Senator Ted Cruz and Gov. John R. Kasich of Ohio have agreed to coordinate in future primary contests in a last-ditch effort to deny Donald J. Trump the Republican presidential nomination, with each candidate standing aside in certain states amid growing concerns that Mr. Trump cannot otherwise be stopped.

In a statement late Sunday night, Mr. Cruz’s campaign manager, Jeff Roe, said that the campaign would “focus its time and resources in Indiana and in turn clear the path for Governor Kasich to compete in Oregon and New Mexico.”

Minutes after Mr. Roe’s statement, the Kasich campaign put out a similar message. The Ohio governor’s chief strategist, John Weaver, said that his campaign would shift its resources to states in the West and “give the Cruz campaign a clear path in Indiana.”

Both campaigns said they expected allies and third-party groups to follow their lead, and a representative from the “super PAC” supporting Mr. Kasich confirmed late Sunday that it would not advertise in Indiana.

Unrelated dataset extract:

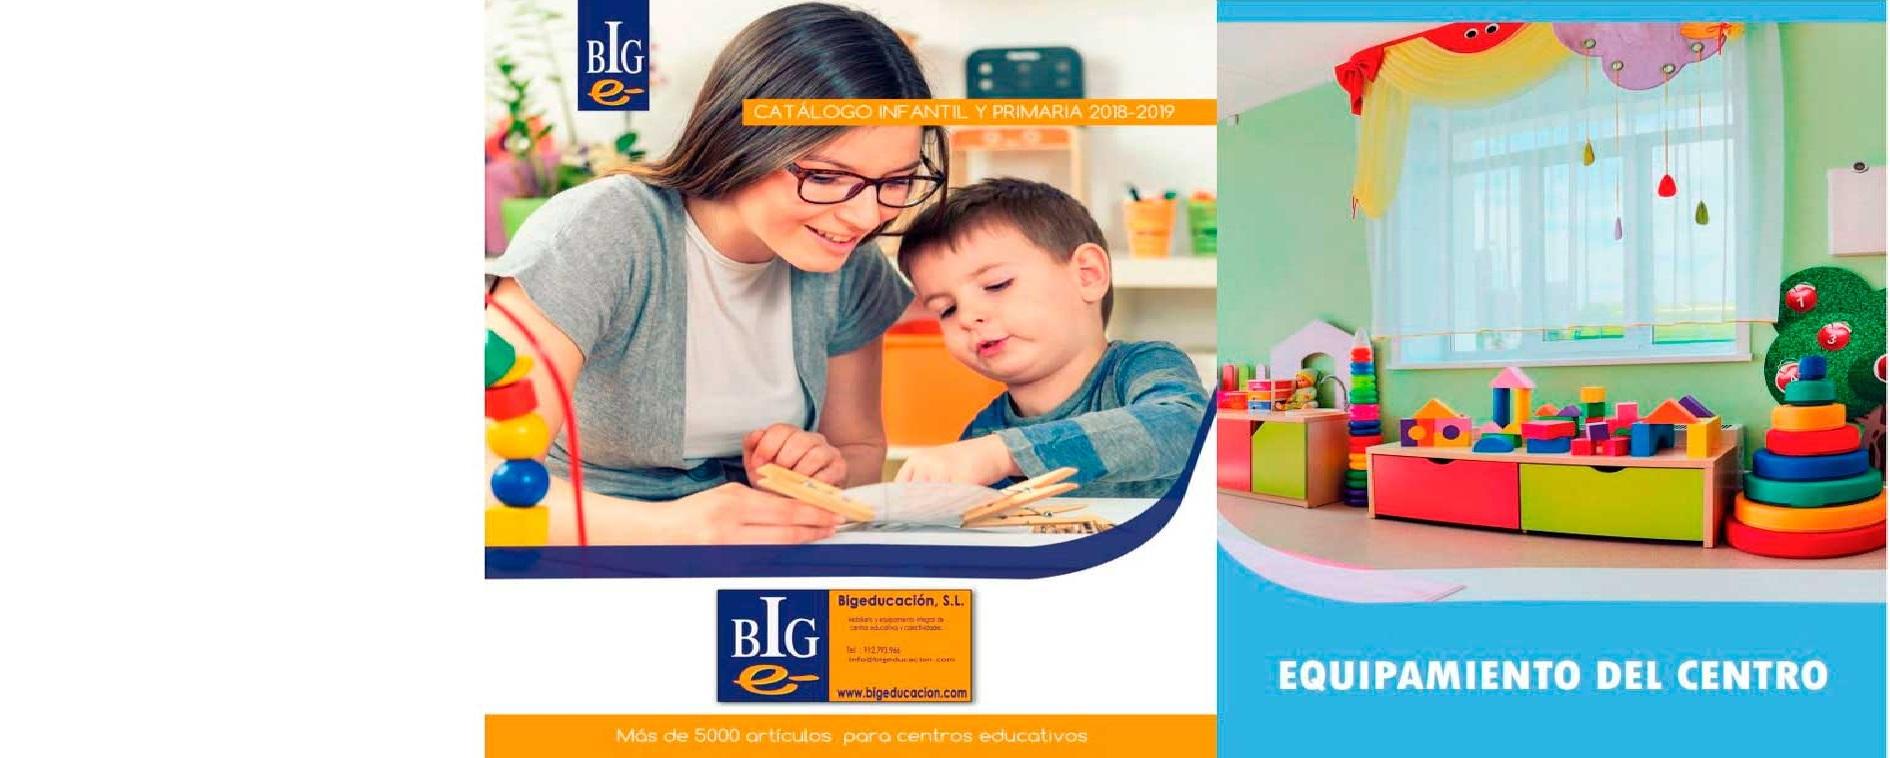 Catalogo infantil y primaria

I very much doubt this is going to help them stop Trump. They’re operating in 2D while Trump is moving around in 3D. But it demonstrates my point about how Trump is on track to reach 1,237; his big win in New York has boosted him in Pennsylvania and California, the two states in which he needs to do well in order to go over the top.

While it’s true that Cruz hasn’t played nicely with the GOP establishment, it’s always been clear that he wants to be a part of it. Now he’s not bothering to pretend otherwise. He’s a smart guy, and he would have been a pretty good candidate several election cycles ago. But he’s still playing the game, and the time for playing the game is over.

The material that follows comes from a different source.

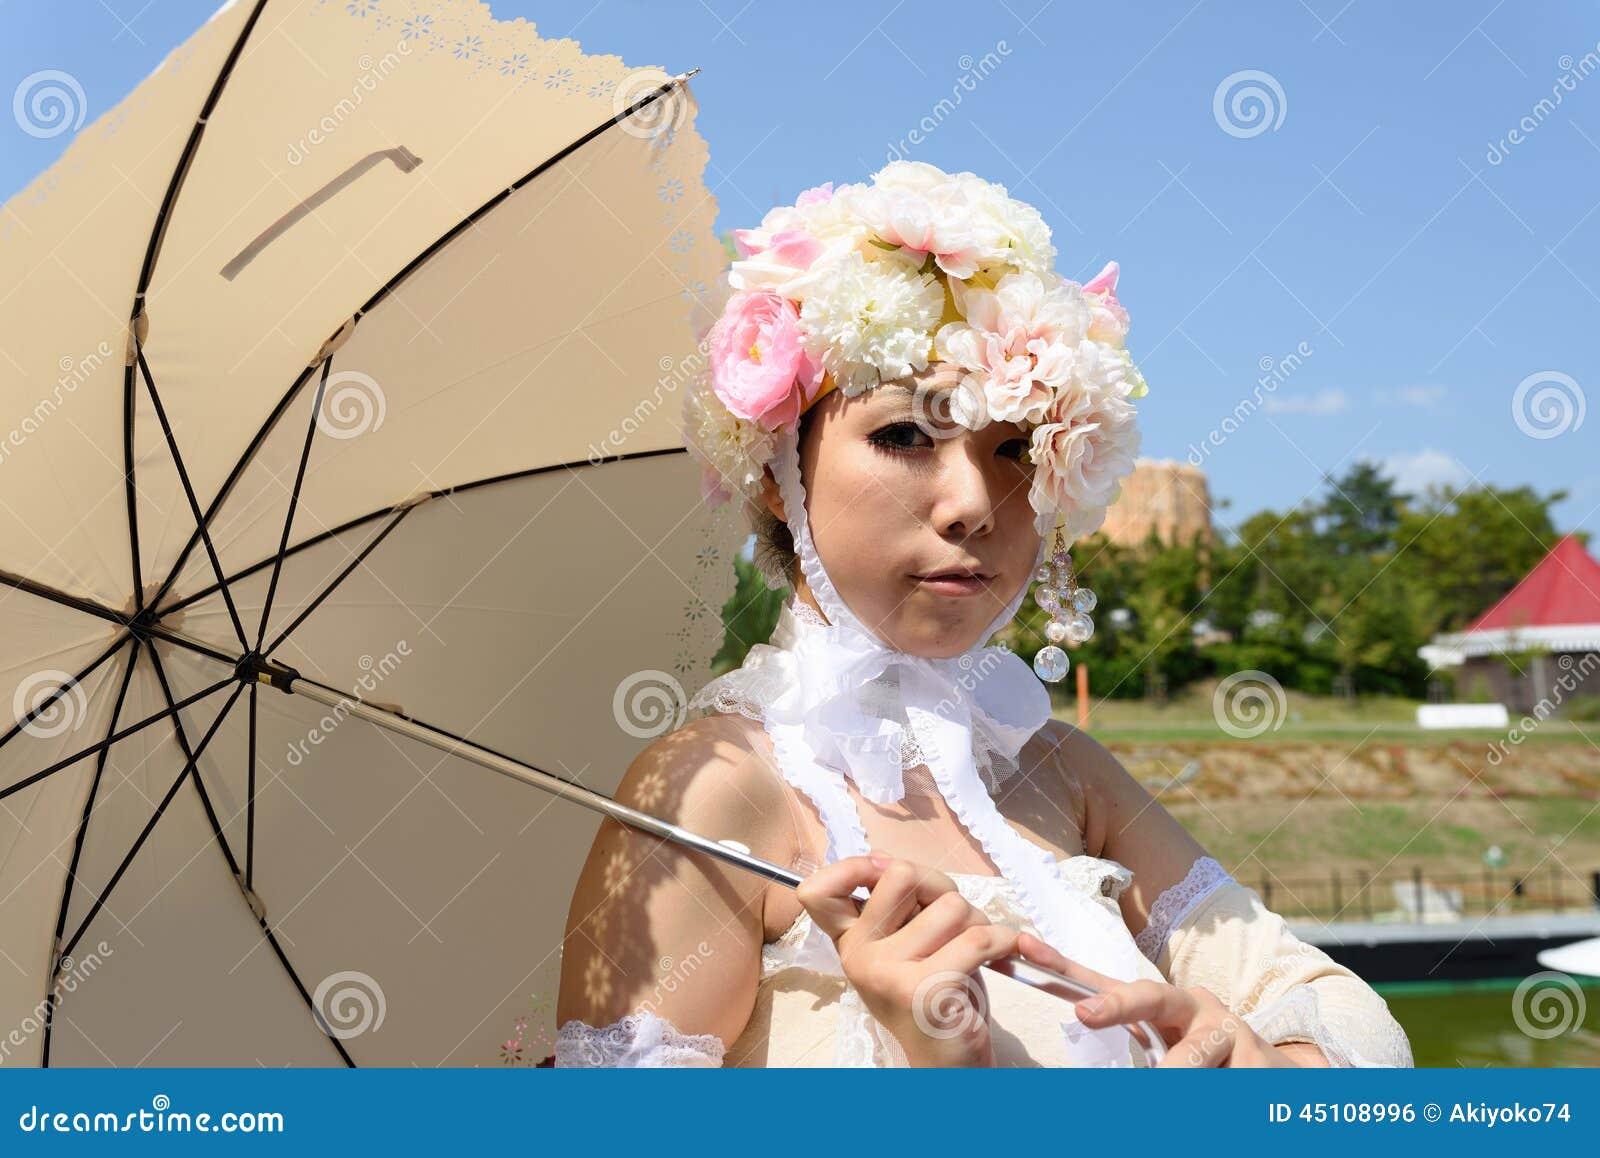 cosplay女孩日语 编辑类照片

Conservatives United Cruz Kasich. C.U.C.K.

Perfect.


Jerry Pournelle on Donald Trump

A take on Trump that is entirely more interesting than my own on the man:

Trump is probably the least qualified candidate who ran for the Republican nomination this year. If you didn’t know that, you’d have to be a hermit to avoid finding it out. He also has far more delegates than any other candidate. I would think that would send a clear message to the Republican elite, particularly the country club establishment; but like the Bourbon kings of France restored after the Revolution, they have learned nothing and forgotten nothing.

Wouldn’t I want a more qualified, somewhat more experienced candidate? Well, of course. But the establishment wasn’t about to let anyone not within its ranks to get anywhere close to the nomination. In 1956 the goal was “anyone but Reagan” among the Republican elite. Now it’s anybody but Trump. Before Trump they made it clear to all: it’s going to be one of us, like it or lump it. We can deal with upstarts.

But they didn’t intimidate Trump, and now he’s laid all of their compliant candidates low, and they’re turning to an old enemy, Cruz, in despair. The notion is that he’ll “grow” in office; it’s for sure that Trump won’t grow under their definition of grow.

But in fact he’s likely to. He has some good advisors and he has a definite point of view that may be hard to discern because it’s masked by his blatant – loudmouthed and irritating, if you like – tactics. But he has never wavered on his desire to fill the Supreme Court with Justices as near in scholarship and view to Scalia as possible; that alone would be enough to get me to the polls for Trump if he’s nominated.

He has consistently said we need to turn control of the schools to the local districts and stop dictating to them from Washington. This has been taken as meaning that he doesn’t know what to do on a nation al scale. Well, I have news: neither does anyone else, and the attempt, even with the best of will, will always fail. The schools worked better, over all, when they were paid for by local school district taxes and run by local school boards elected by the people who paid those taxes. If you don’t believe that, get a copy of the California Sixth Grade Reader from a hundred years ago and compare it to your child’s present day ninth grade reader. Then weep.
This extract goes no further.